Pourquoi SDP est la première frontière de preuves
SDP indique au client ce que la caméra prétend envoyer. Pour H.264, les ingénieurs recherchent les valeurs « rtpmap » et « fmtp » telles que le mode de mise en paquets, l'ID de niveau de profil et les « jeux de paramètres sprop ». Pour H.265, le SDP peut transporter les informations VPS, SPS et PPS différemment, et de nombreux consommateurs ont des limites de prise en charge plus strictes.
Lorsque le SDP indique H.264 mais que les octets multimédias ne contiennent pas la structure d'unité NAL attendue, l'échec n'est pas un « problème de lecteur » générique. Il s'agit d'un décalage entre les métadonnées annoncées et la réalité de la charge utile. Lorsque SDP omet les jeux de paramètres et que le flux RTP ne les envoie jamais en bande, un décodeur peut attendre indéfiniment.
C'est pourquoi un flux de travail d'inspection RTSP devrait conserver le SDP à côté des preuves médiatiques, et non enfoui dans le journal d'un joueur.
L’arrivée RTP ne suffit pas
Même lorsque les paquets RTP arrivent, la vidéo peut toujours échouer. Les trames H.264 et H.265 dépendent souvent de paquets antérieurs. Un paquet manquant peut rendre la tranche suivante indécodable. Une livraison dans le désordre peut ressembler à de la corruption. Une charge utile qui démarre au milieu du GOP peut ne pas être prête pour le décodage jusqu'à ce que l'image clé et le jeu de paramètres suivants apparaissent.
Les preuves minimales à collecter sont :
- Continuité de la séquence RTP
- progression de l'horodatage
- comportement du bit marqueur
- cohérence du type de charge utile
- Catégories d'unités H.264 ou H.265 NAL
- SPS, PPS et pour la visibilité VPS H.265
- première préparation aux images clés
Cela explique pourquoi « VLC le joue » et « notre pipeline d'analyse le rejette » peuvent tous deux être vrais. Certains téléspectateurs récupèrent de manière agressive. Les systèmes d’ingénierie ont souvent besoin de preuves conformes aux normes.
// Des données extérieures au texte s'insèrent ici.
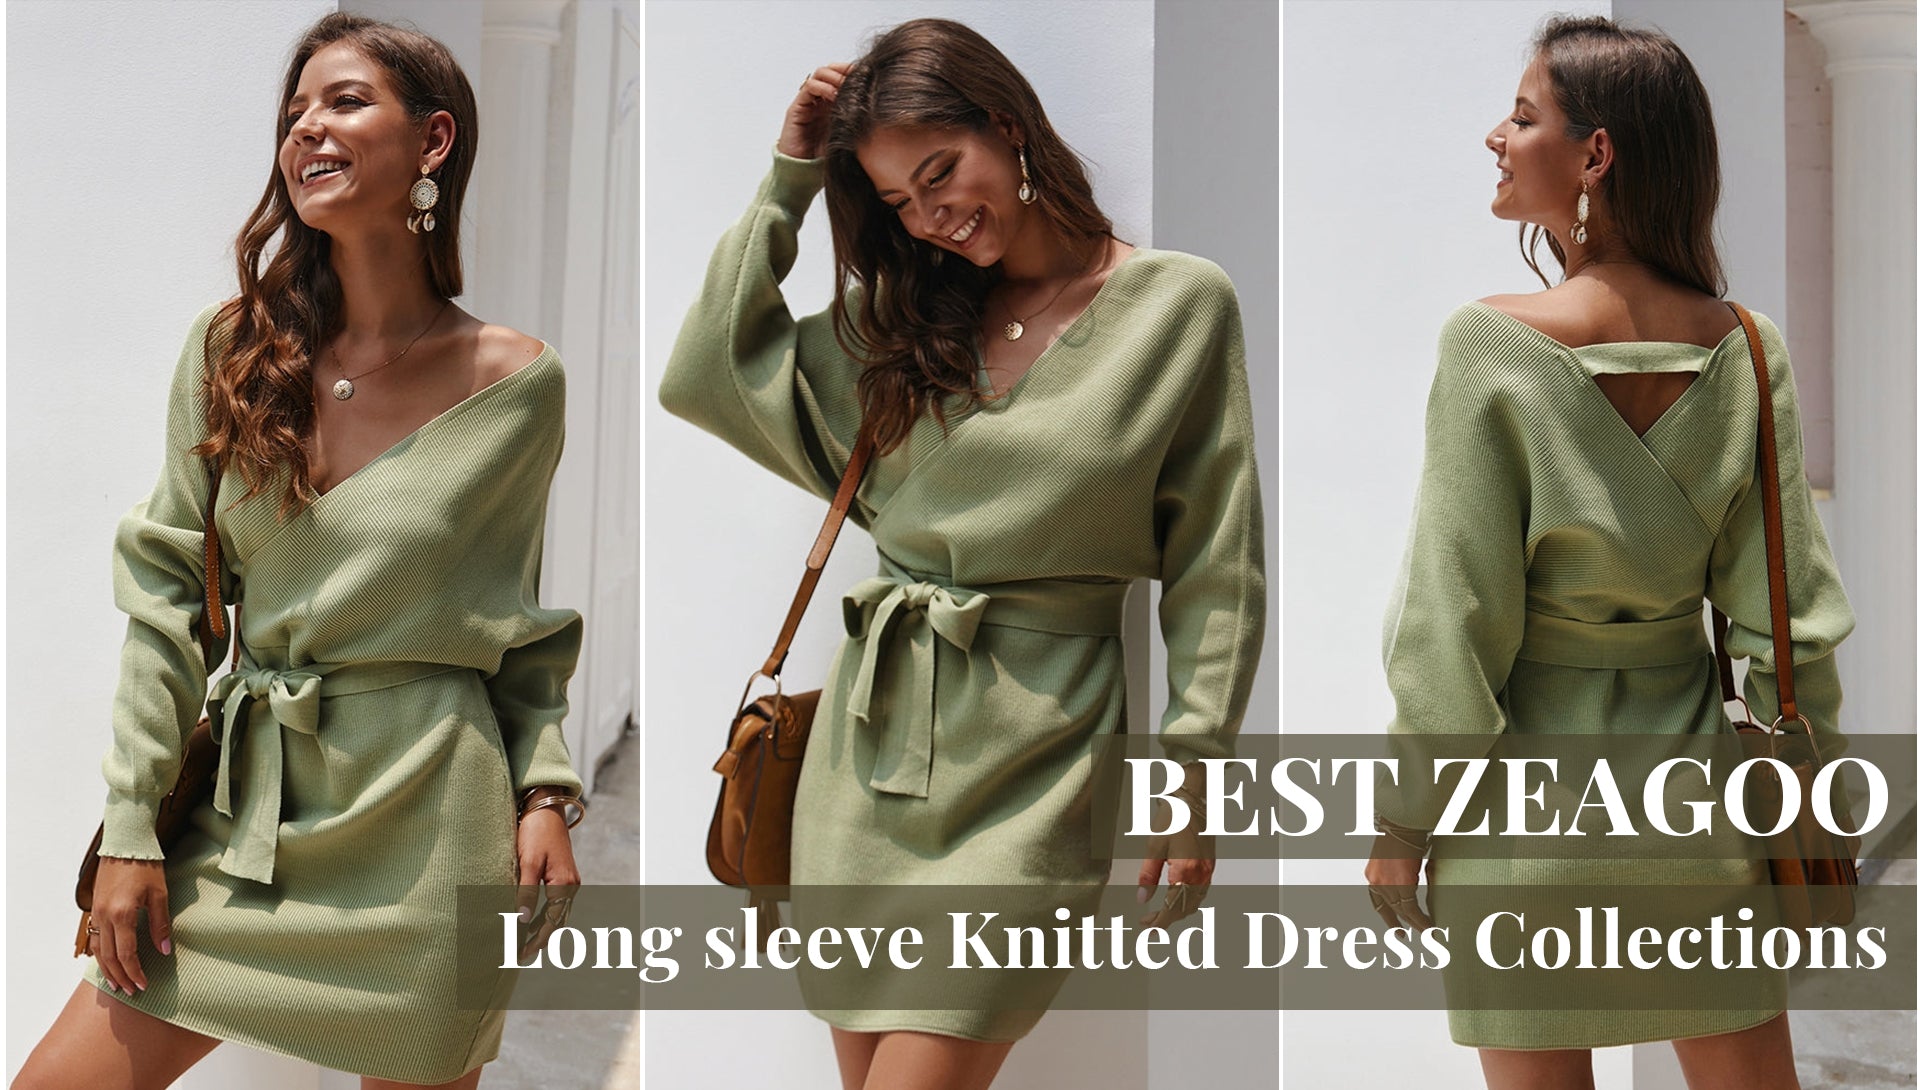 Best Long sleeve Knitted Dress Collections from Zeagoo

TCP versus UDP est un choix de diagnostic
La commutation du transport RTSP d'UDP vers TCP est une étape de dépannage courante, mais elle ne doit pas être considérée comme une panacée. L'entrelacement TCP peut éviter le blocage des ports UDP et réduire la perte de paquets causée par la politique réseau. Il peut également masquer si le chemin UDP prévu pour le déploiement fonctionne.
Un bon rapport de terrain enregistre les deux tentatives :
- RTSP sur TCP entrelacé : les médias arrivent-ils ?
- Unicast RTP sur UDP : les paquets arrivent-ils sur les ports négociés ?
- RTCP : les commentaires de l'expéditeur indiquent-ils le timing et le nombre de paquets ?
Si TCP fonctionne et qu'UDP échoue, la réponse n'est probablement pas la prise en charge des codecs. Il s'agit probablement d'un chemin réseau, d'un pare-feu, d'un NAT ou d'une allocation de port. Si les deux transports fournissent RTP mais que le décodage échoue toujours, inspectez la structure du codec.
Où s’adapte l’inspecteur RTSP
RTSP Inspector est conçu pour cette limite exacte. Il ne s’agit pas de devenir un lecteur vidéo ou un NVR. Il capture les preuves concernant la session RTSP, le SDP, le flux RTP/RTCP et la préparation H.264/H.265 afin qu'un ingénieur puisse expliquer pourquoi « connecté » n'est pas devenu « vidéo utilisable ».
Le résultat utile n'est pas une capture d'écran d'une fenêtre de lecteur noire. C'est une réponse reproductible :
- Le contrôle RTSP a réussi
- SDP a annoncé ce codec et ce type de charge utile
- RTP est arrivé ou n'est pas arrivé
- la séquence de paquets était continue ou interrompue
- la preuve des paramètres du codec était présente ou manquante
- l'action suivante appartient au réseau, à la configuration de la caméra, au micrologiciel ou au consommateur de flux
C’est la différence entre regarder un flux et en diagnostiquer un.